# Stomach pain after ovulation?



## Divvy

Anyone else get lots of low tummy pain after they have ovulated?

It almost feels like a mix of womb pain, trapped wind, period pain and constipation!

Even bd is painful!

Tummy feels swollen, and as if someone has kicked me. I know it will be gone soon, but still.

Come tell me about yours:flower:


----------



## mrav1

I get it every month after o day. Some days this pain is so bad, I feel like there is a small heavy iron ball near ovary. 

I also get bloating, pain and some days I cannot eat and some days I want to eat and eat and eat.

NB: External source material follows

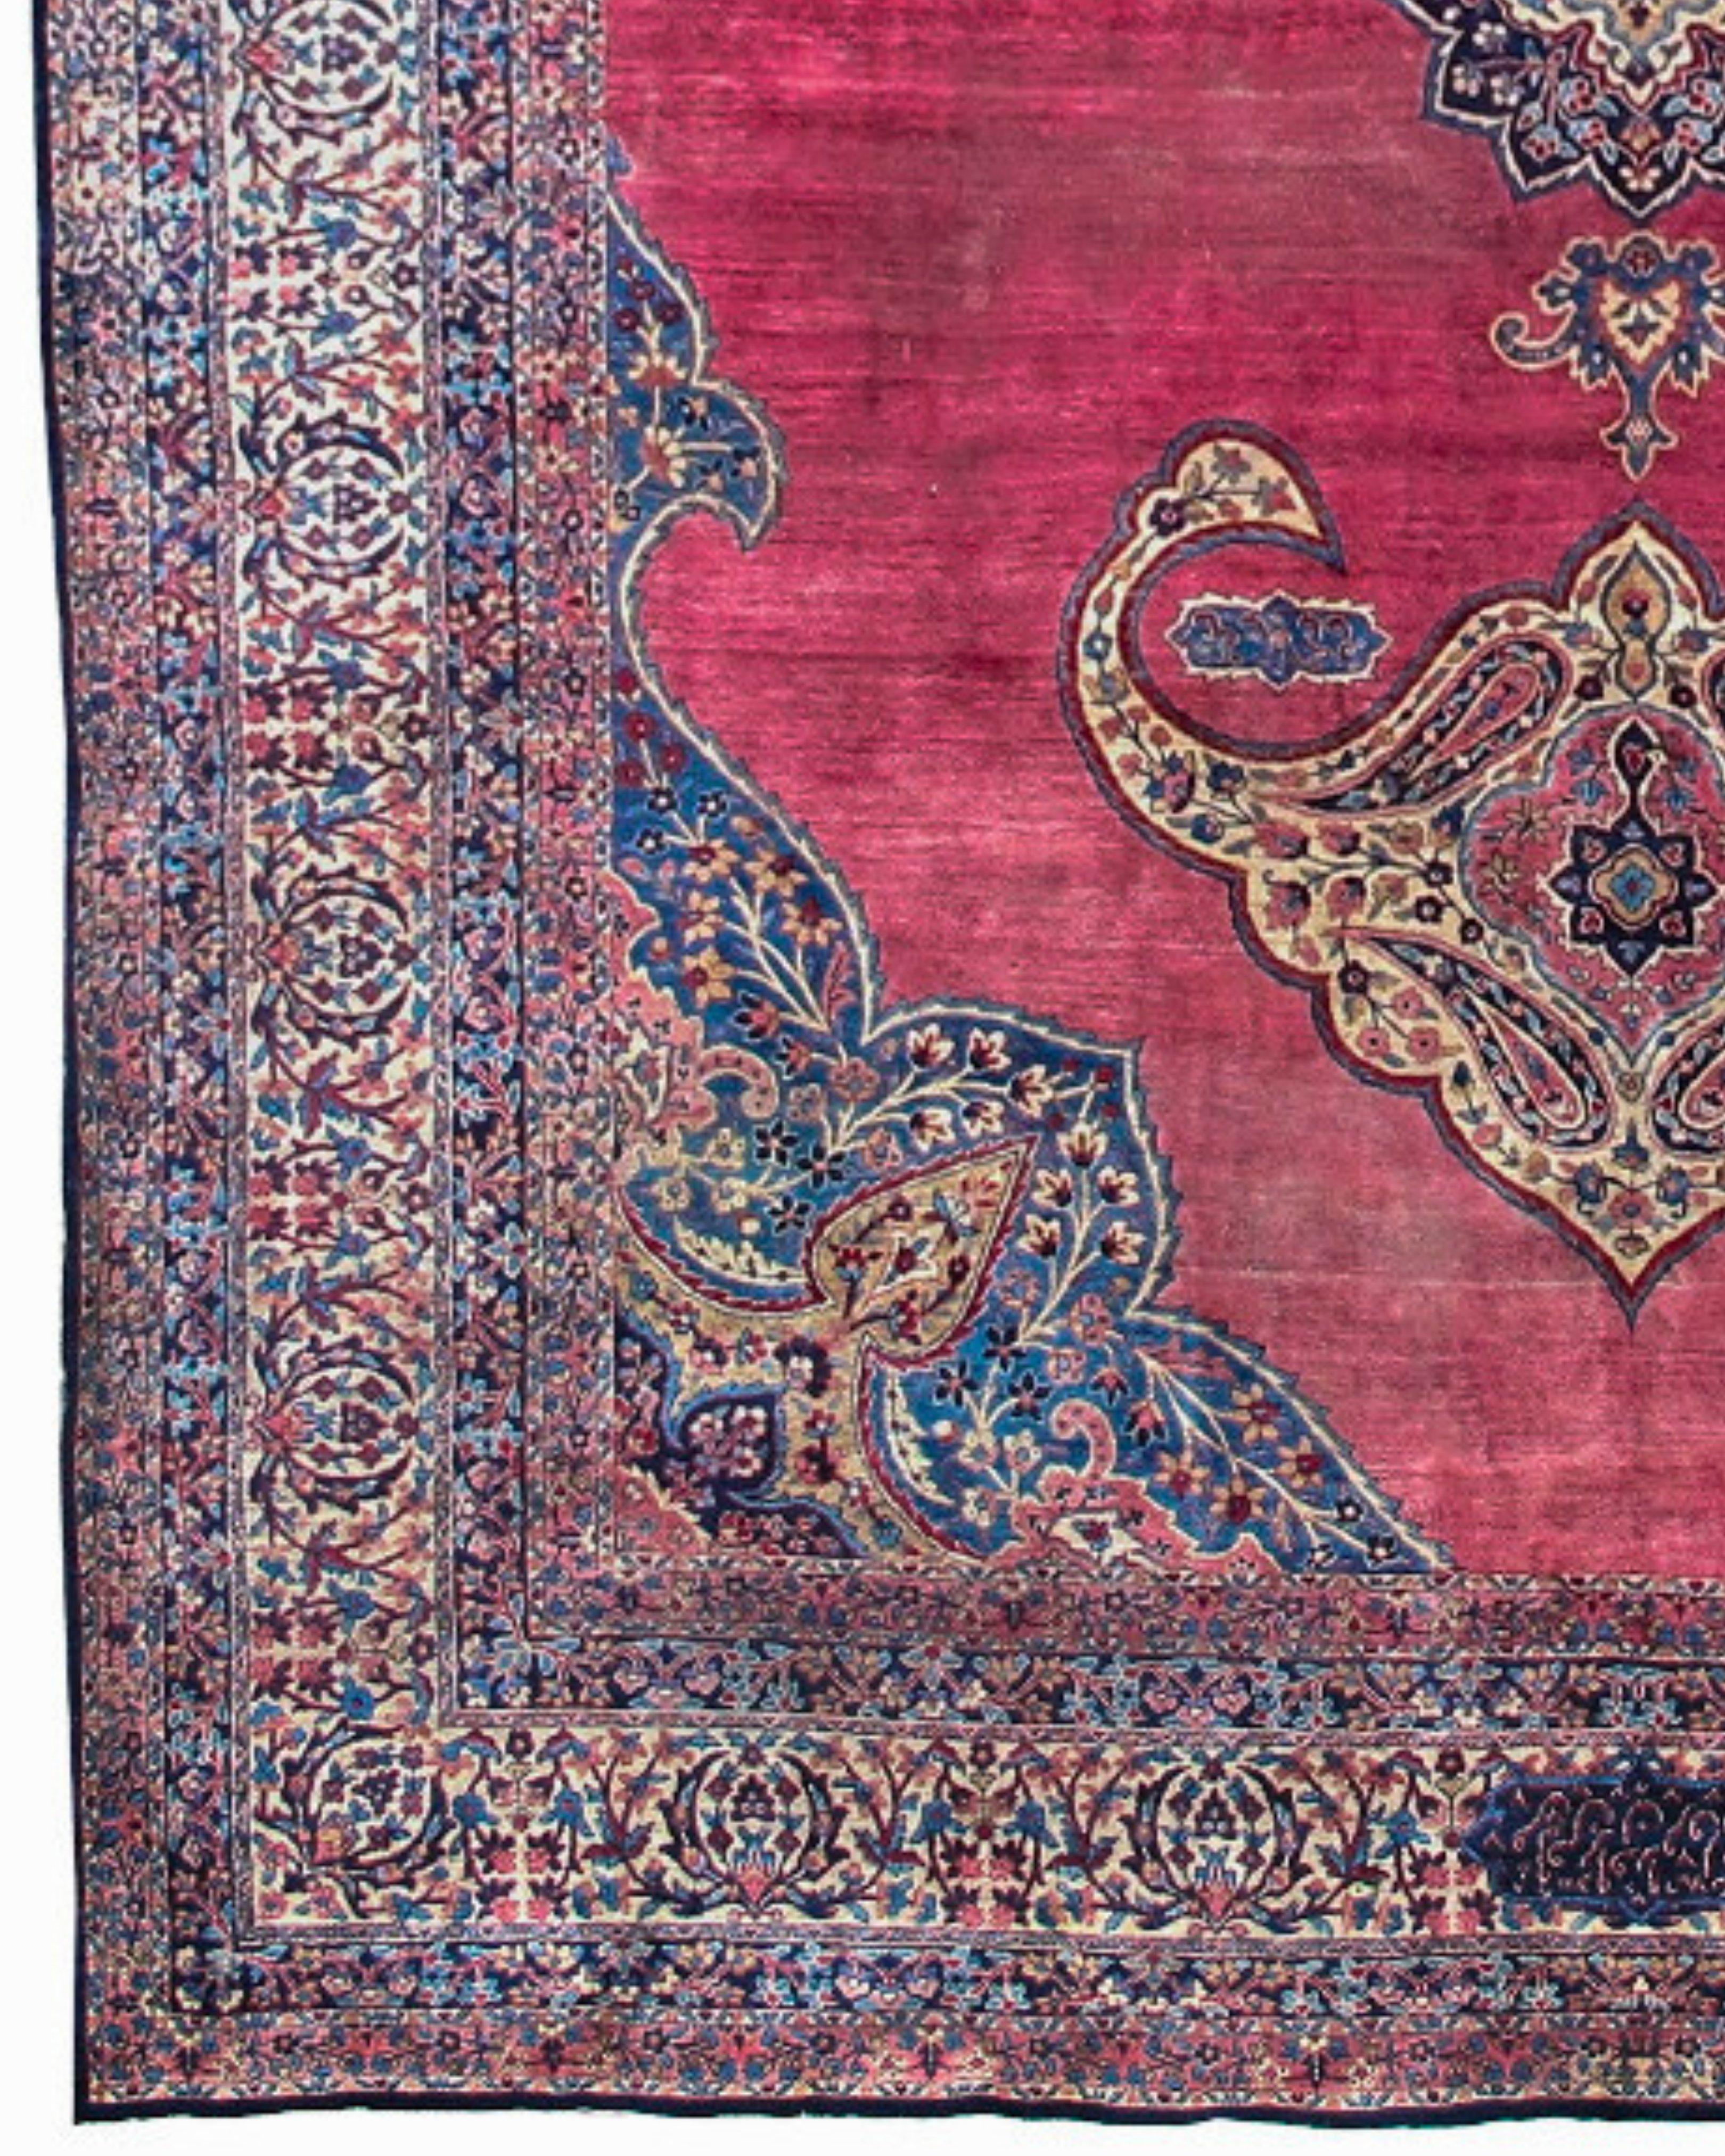 Antique Large Persian Oversized Kirman Rug, Early 20th Century

This fine oversized Kerman corridor carpet from southeastern Persia melds the classicism of early Persian medallion carpets of the Safavid age (1501-1722) with the elegance and grace of

Vit B6 helps. I am sure this is not same for you- you may have good kind of pain- pain before your BFP!

Good luck.


----------



## MsLesley

oh my...i have been having cramping for over a week now and i have no idea if i am 7 dpo or 2 dpo. my boobs started to hurt last night too...nothing bad but i can feel them achy.

i also have been getting those prickly feelings in my uterus...and not too long ago i got a sharp pain going right up my va ja ja...i get a bad vibe when i get those prickly feelings cause it makes me feel like im going to start af. last month i didnt even get any cramps at all...all i got was those pricklies.:dohh:


----------



## mrav1

Hey MsLesley!

I get that too! Weird twinges near ovary and the first month this happened I thought this is it! Without testing I was so sure that I was pregnant but nothing. After that it happens every month and now I know!


----------



## BumpyCake

I just looked at my past charts to see if my Ov pains came before or after Ov but it says that I get them before, during and after. Lucky me.


----------



## MsLesley

mrav1 said:


> Hey MsLesley!
> 
> I get that too! Weird twinges near ovary and the first month this happened I thought this is it! Without testing I was so sure that I was pregnant but nothing. After that it happens every month and now I know!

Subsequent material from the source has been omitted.